• DATA BLOCK
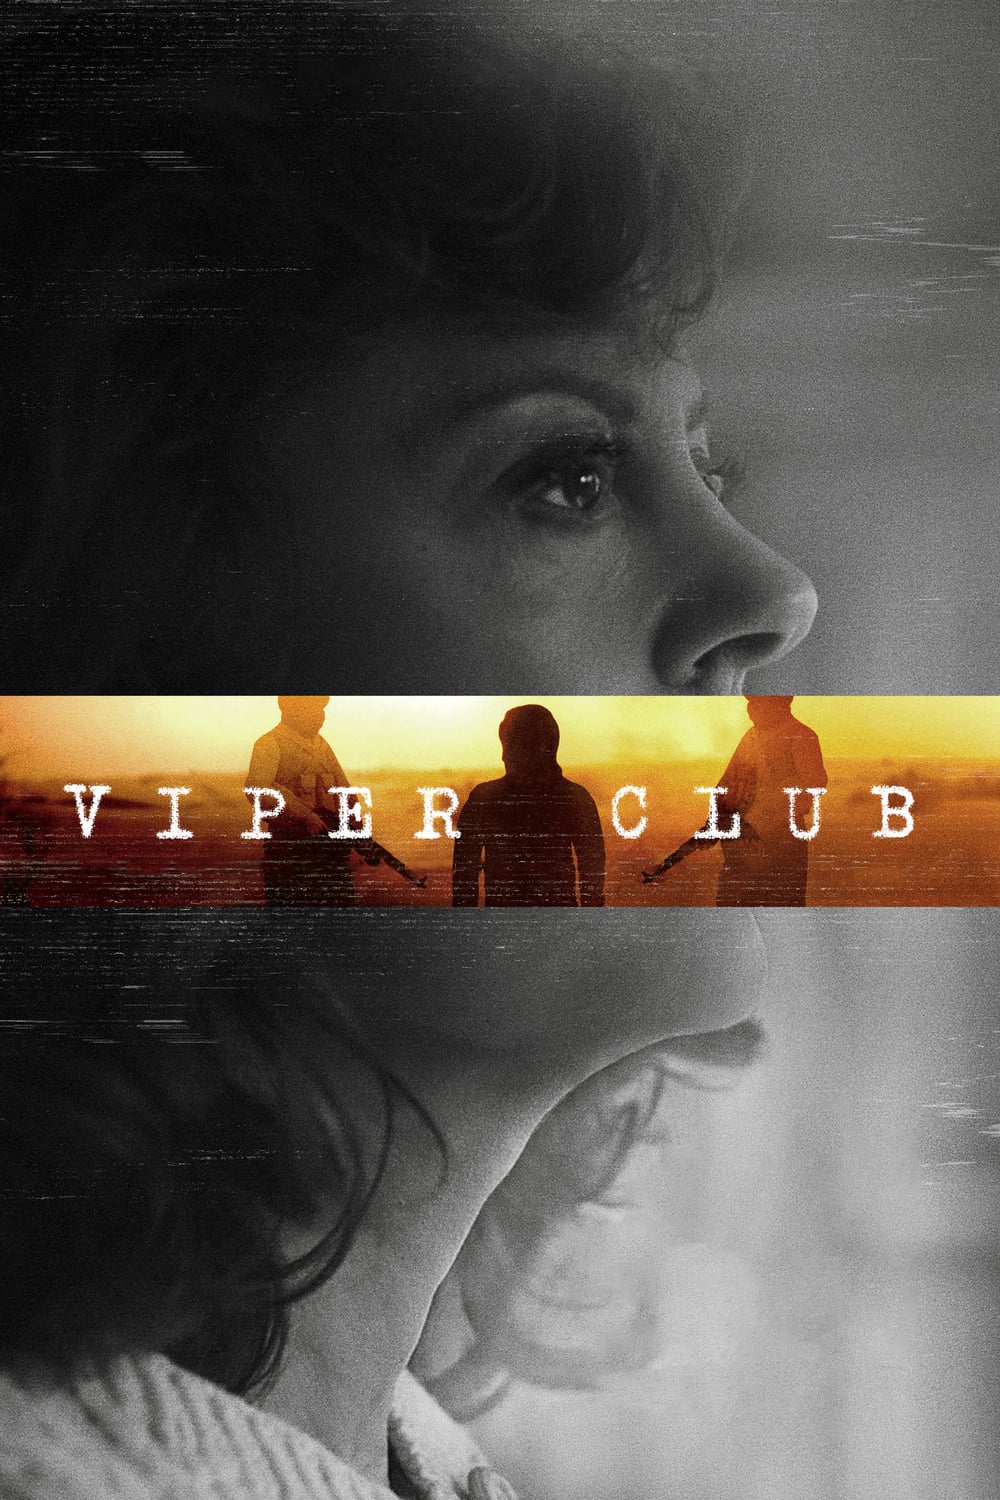 Viper Club (2018) Official Trailer #1
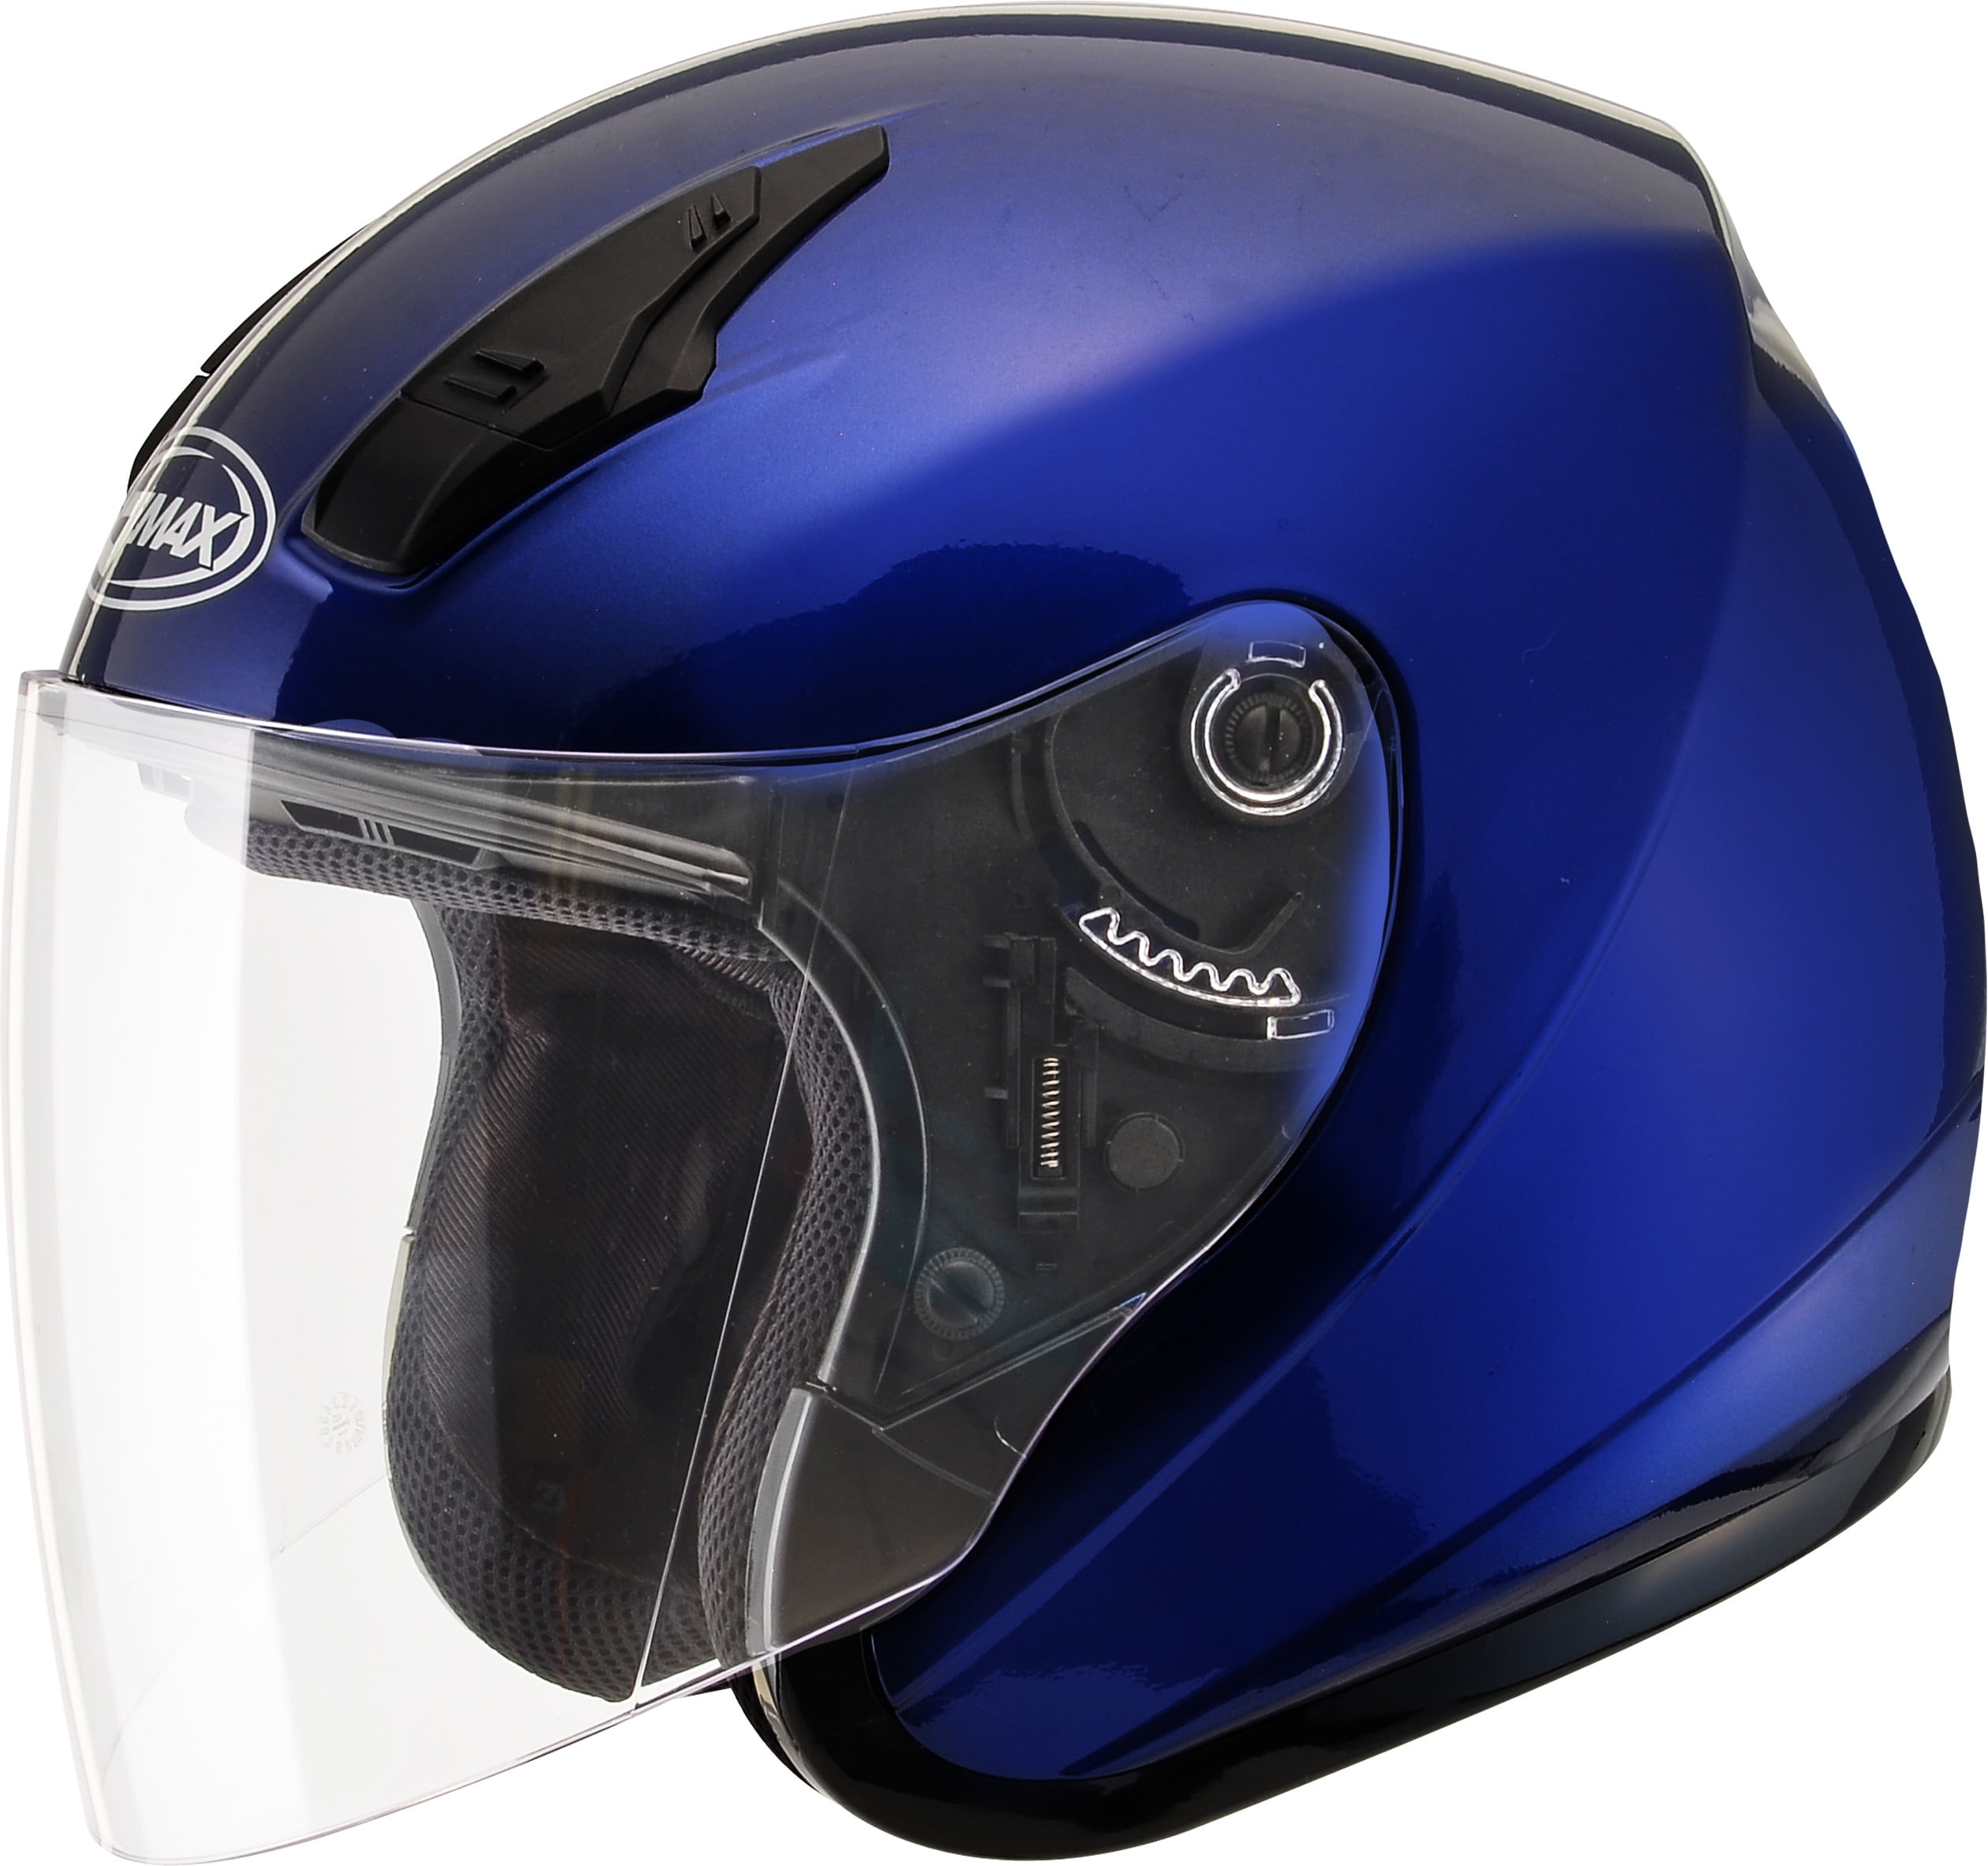 GMAX OF-17 Open Face Motorcycle/Scooter Helmet Blue - Walmart.com - Walmart.com
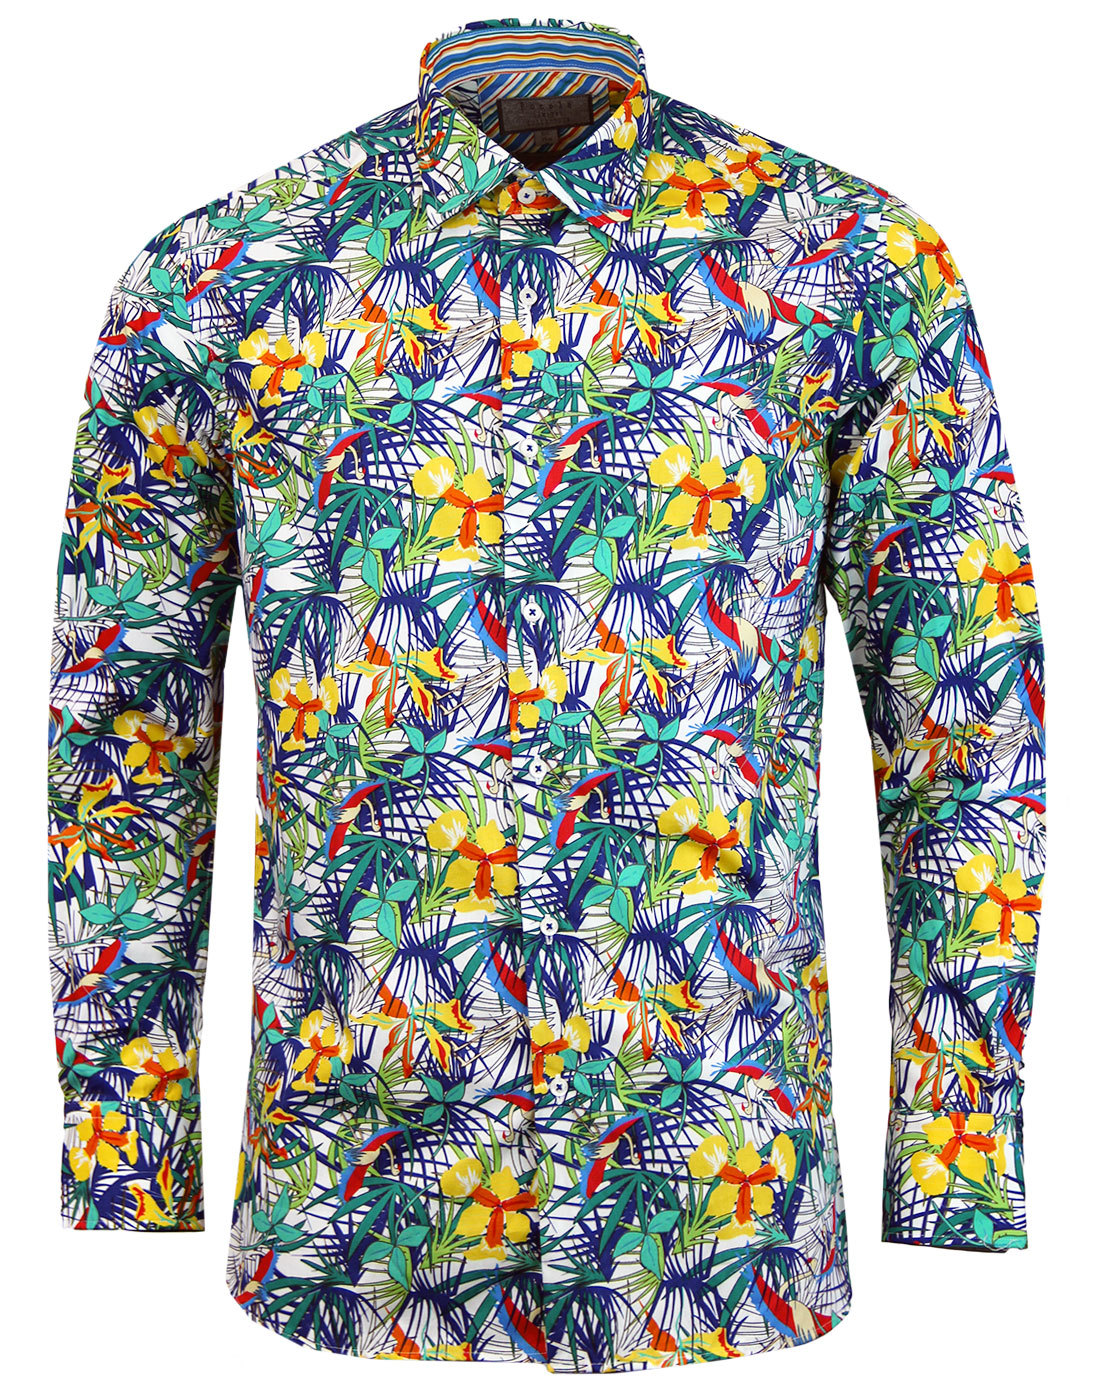 ROCOLA Men's Retro 1970s Psychedelic Tropical Floral Print Shirt
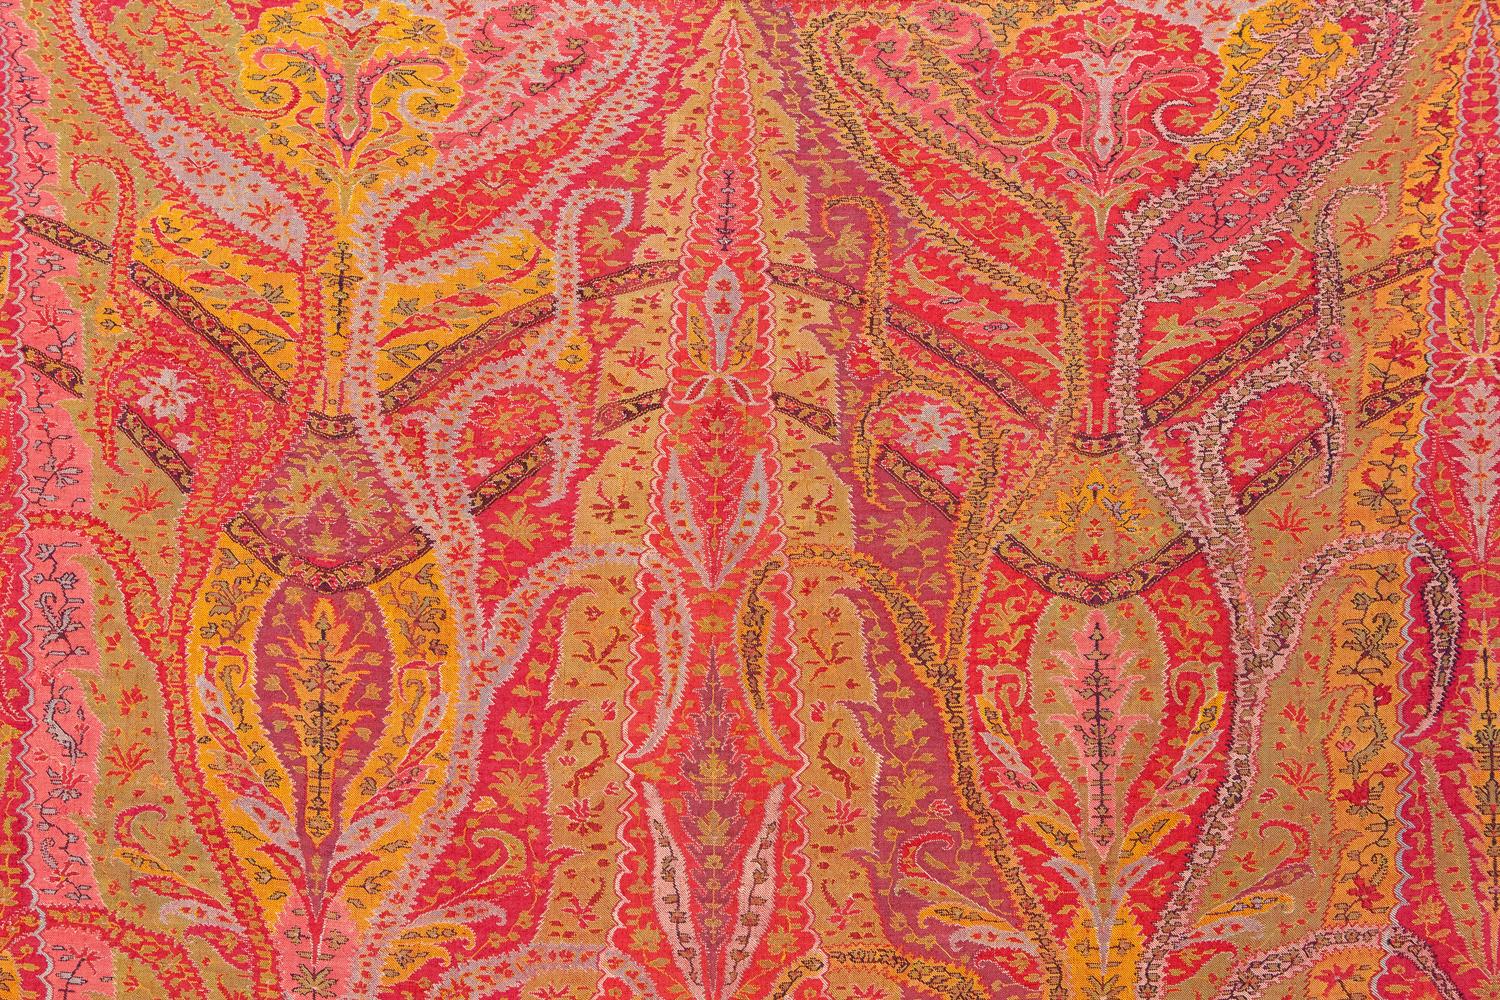 Other Kashmir Shawl Antique Indian Paisley And Arabesque Motifs Textile, 1800-1820 For Sale

• REQUIRED ACTION
With the pictures left out, return the listing above exactly as it stands.

• EXERCISE ANSWER
 Viper Club (2018) Official Trailer #1
 GMAX OF-17 Open Face Motorcycle/Scooter Helmet Blue - Walmart.com - Walmart.com
 ROCOLA Men's Retro 1970s Psychedelic Tropical Floral Print Shirt
 Other Kashmir Shawl Antique Indian Paisley And Arabesque Motifs Textile, 1800-1820 For Sale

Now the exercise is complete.